Today, marketing can be thought of as almost equal parts art and science. The reason behind much of this is the increasing growth and importance of marketing technology software or martech. The martech landscape is vast, and according to ChiefMarTech, there are a whopping 8000 vendors populating the space.
With a multitude of specialized solutions available across advertising and promotion, content, commerce and sales and more, many companies choose to pay attention to the makeup of their martech stack, and how different pieces fit together.
Understanding the ROI of a singular piece of technology can be done when that technology fails to do what it’s meant to do. However, when it comes to measuring the ROI of an entire ecosystem, things can get a little tricky.
How Can We Measure Martech Stack ROI?
Before we get into measuring the ROI of a martech stack, it’s important to know what the martech stack is supposed to do in the first place.
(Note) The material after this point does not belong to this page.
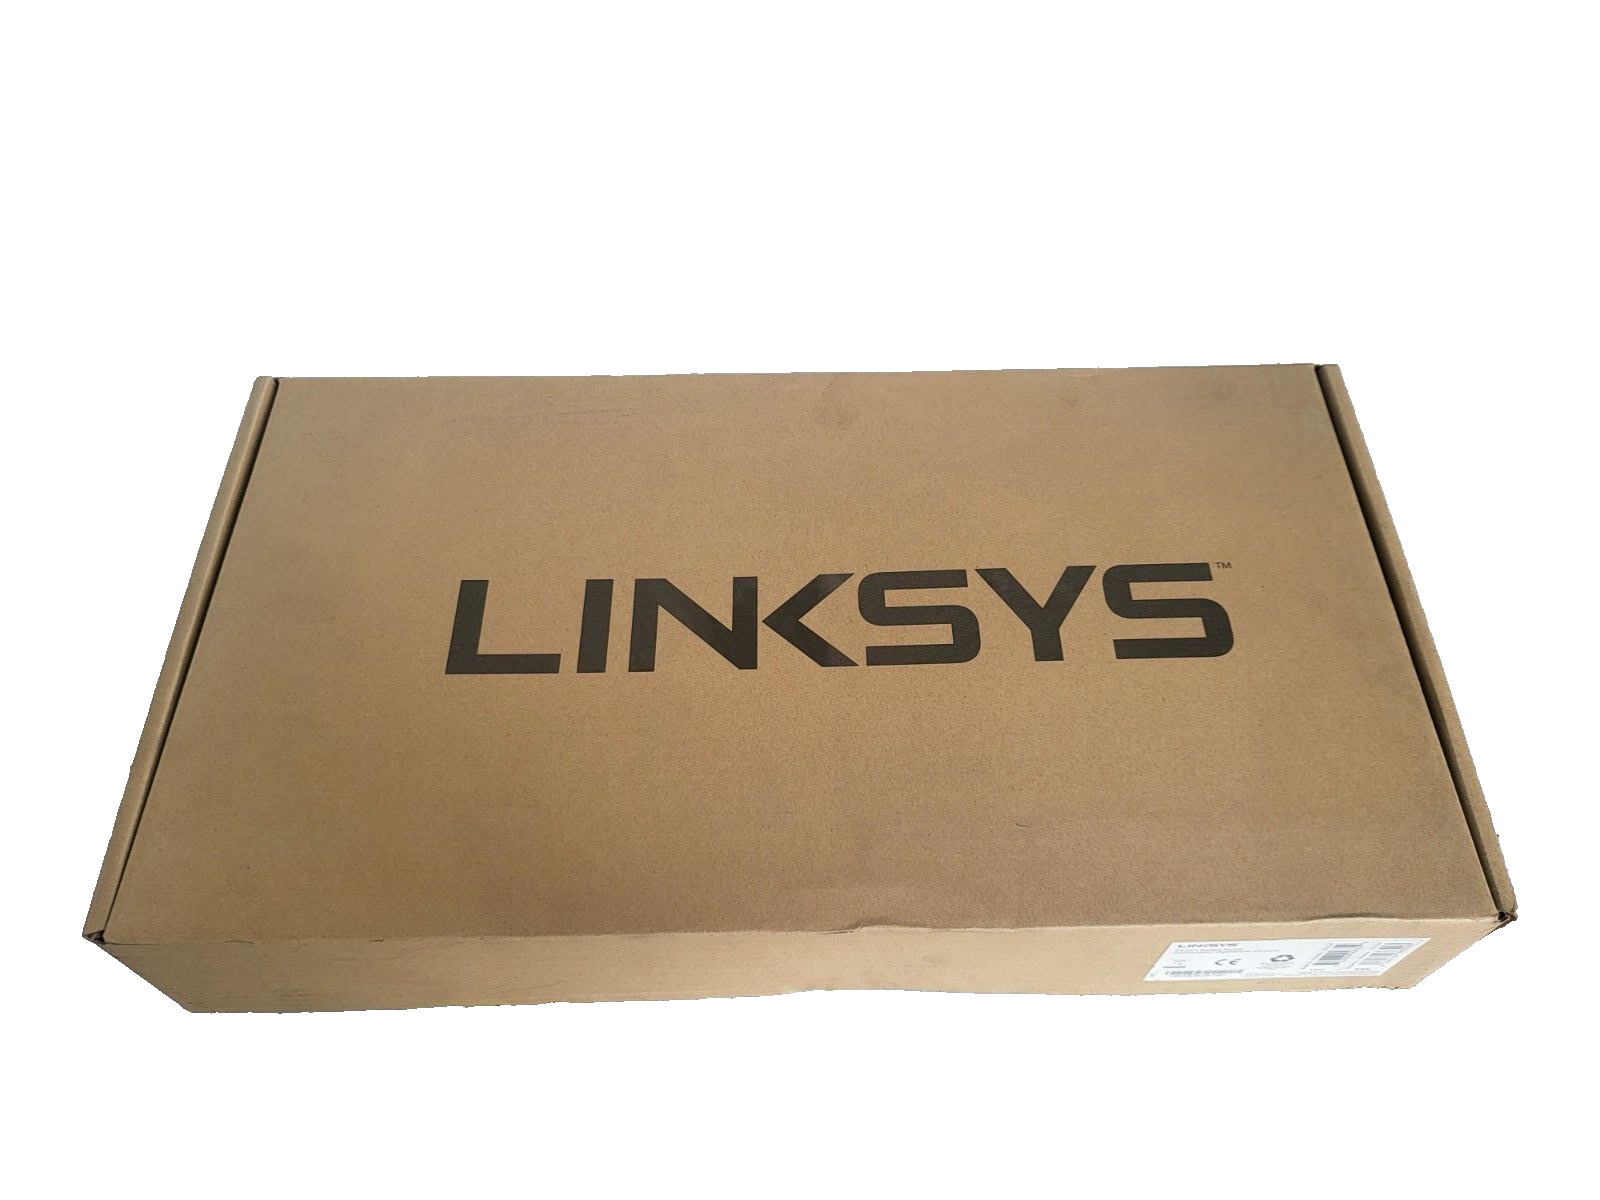 NEW Linksys LGS124 24 Port Gigabit 1000 Mbps Gigabit Unmanaged Network Switch
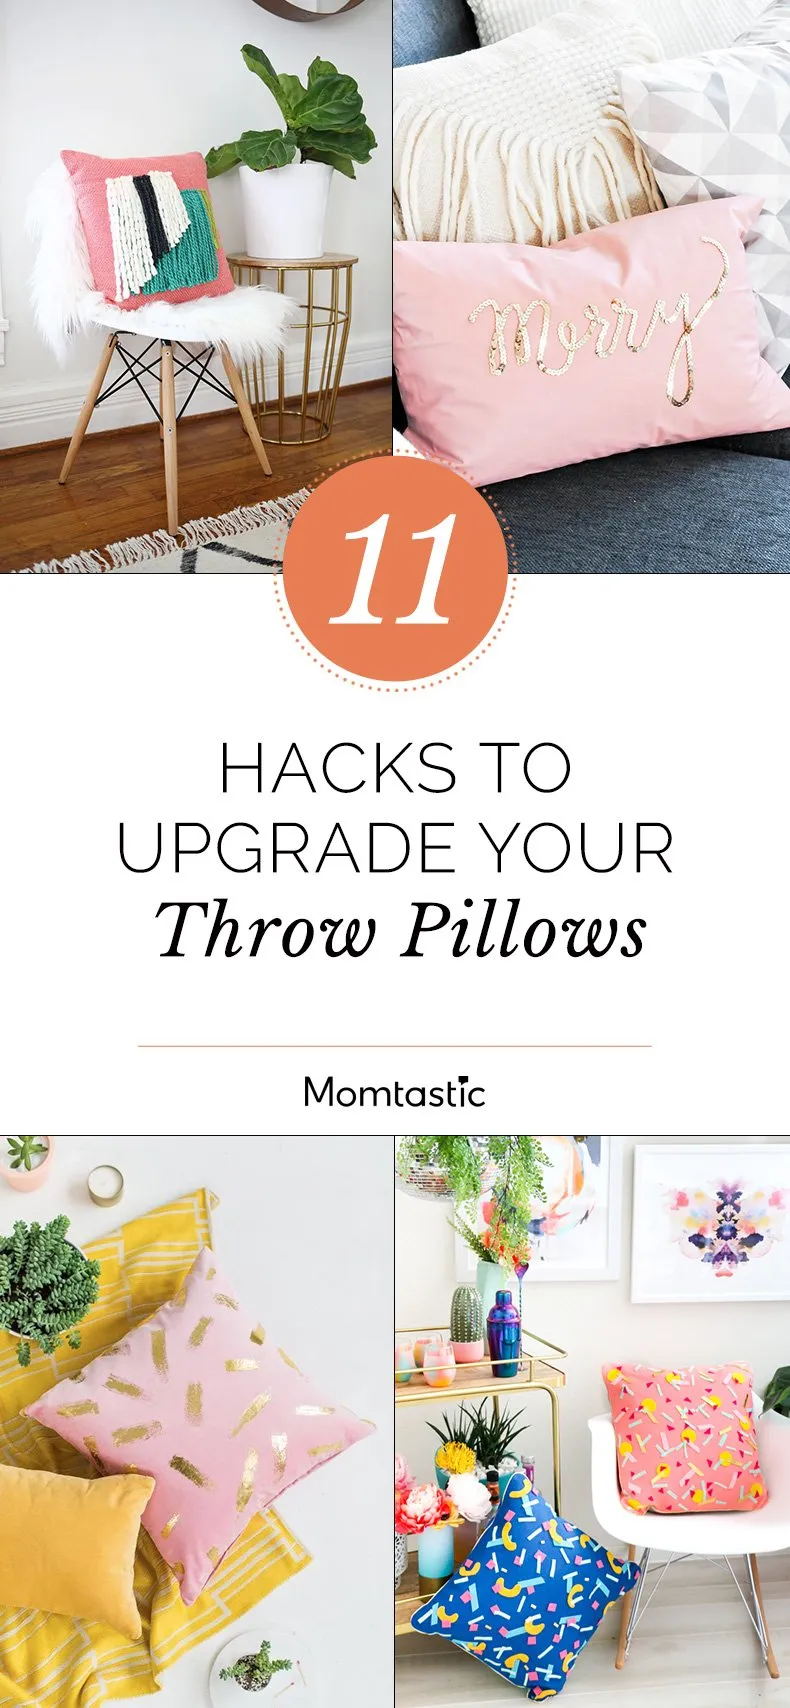 11 Hacks To Upgrade Your Throw Pillows

Jonathan Ward, Senior Manager of Marketing Operations at Spiceworks Ziff Davis, says “An effective martech stack will look different for every organization. The true purpose is to augment, automate, illuminate, and optimize marketing strategies and processes that are already working within your organization.”
But measuring ROI isn’t a one-size-fits-all approach. According to Justin Sharaf, VP of Marketing at Digital Experience Platform Jahia, “It’s never as simple as saying ‘this new technology drove an additional $500k in pipeline’ or My martech stack drove $1M in incremental pipeline.”
In reality, narrowing down ROI can depend on less numbers-driven factors. “It’s often soft metrics like employee productivity increases or a reduction of manual tasks that measure success. Even employee satisfaction can be a measure of success for your martech stack because a marketing team that has good tools will be less frustrated, more productive, and more enthusiastic about their work,” Sharaf continued.
David Snider, VP of Marketing at New York-based cloud management platform CloudCheckr offered another tangible option. “One way to evaluate the return on martech investment is to incorporate its costs into the cost of running campaigns as you would with people and specific incremental spend associated with the campaign,” he said.
“The overall return expected and delivered for the campaign should be met, including the martech costs just like every other campaign costs. Then aggregated over all campaigns you will have a sense of the contribution (or drag) that the martech investment is having,” Snider added.
Related Article: 6 Free Martech Courses That Will Help Sharpen Your Skillset
Methods of Measurement
There are a vast number of methods that can be used to measure marketing effectiveness in some instances, but these methods might not have an impact on ROI. “Micro-conversions are useful metrics for tactical marketing teams, but often don’t show the whole picture related to ROI and ultimately don’t mean much, if anything, to an executive team. Executive teams tend to think in terms of dollars and cents, not clicks, opens or website traffic. These measurements can improve your tactics and help your marketing team optimize, but won’t offer insights into the ROI of your marketing stack,” Ward explained.
Another popular metric used among marketing teams, especially in the SaaS space is customer acquisition cost. “Spend vs revenue, or Customer Acquisition Cost (CAC) is a super valuable success metric AND one that your executive team will love. Other similar metrics include Customer Lifetime Value (LTV) and Ratio of Customer Lifetime Value to CAC,” said Ward.
However, he went on to mention that difficulty attributing soft costs to these metrics means that they aren’t a good option for determining overall martech stack returns.
Sharaf also disagreed on the validity of some of these metrics. “Metrics like Spend vs Revenue are great to measure the success of the overall marketing function, but I don’t think they are appropriate measures of the success of a martech stack. Successful companies may have terrible martech stacks and failing companies may have all the right technologies in their stack,” he explained.
As an alternative, he suggested “doing regular surveys of the marketing department is a fantastic way to measure the success of your martech stack. How many tools are being used regularly? How much more effective do employees feel they are with the technology available to them? What is the NPS of each technology in the stack?”
Initiatives like this are a great way to overcome some of the challenges associated with measuring marketing ROI.
Can We Overcome The Challenges?
Measuring the investment returns for martech can be difficult, but the best approach is to shift the focus on what you’re measuring and how you’re reporting it. “Obsessing over the search for a key metric to support your investment in martech is wasted effort. Redirect that effort into educating executive leadership on the importance of martech, the martech industry growth, and the real-life use cases of martech,” said Sharaf.
ROI is best determined by the benefits that the technology provides. “Showing executives the clunkiness of what you were doing before versus the ease and simplicity of using the right martech can be an effective way to demonstrate value without a martech KPI,” Sharaf added.
“The pros and cons of each method used to determine martech success are seen through the eyes of the evaluator,” Snider remarked. Ultimately, the person determining the budget or the success will be the one to have the final say on how well technology is doing.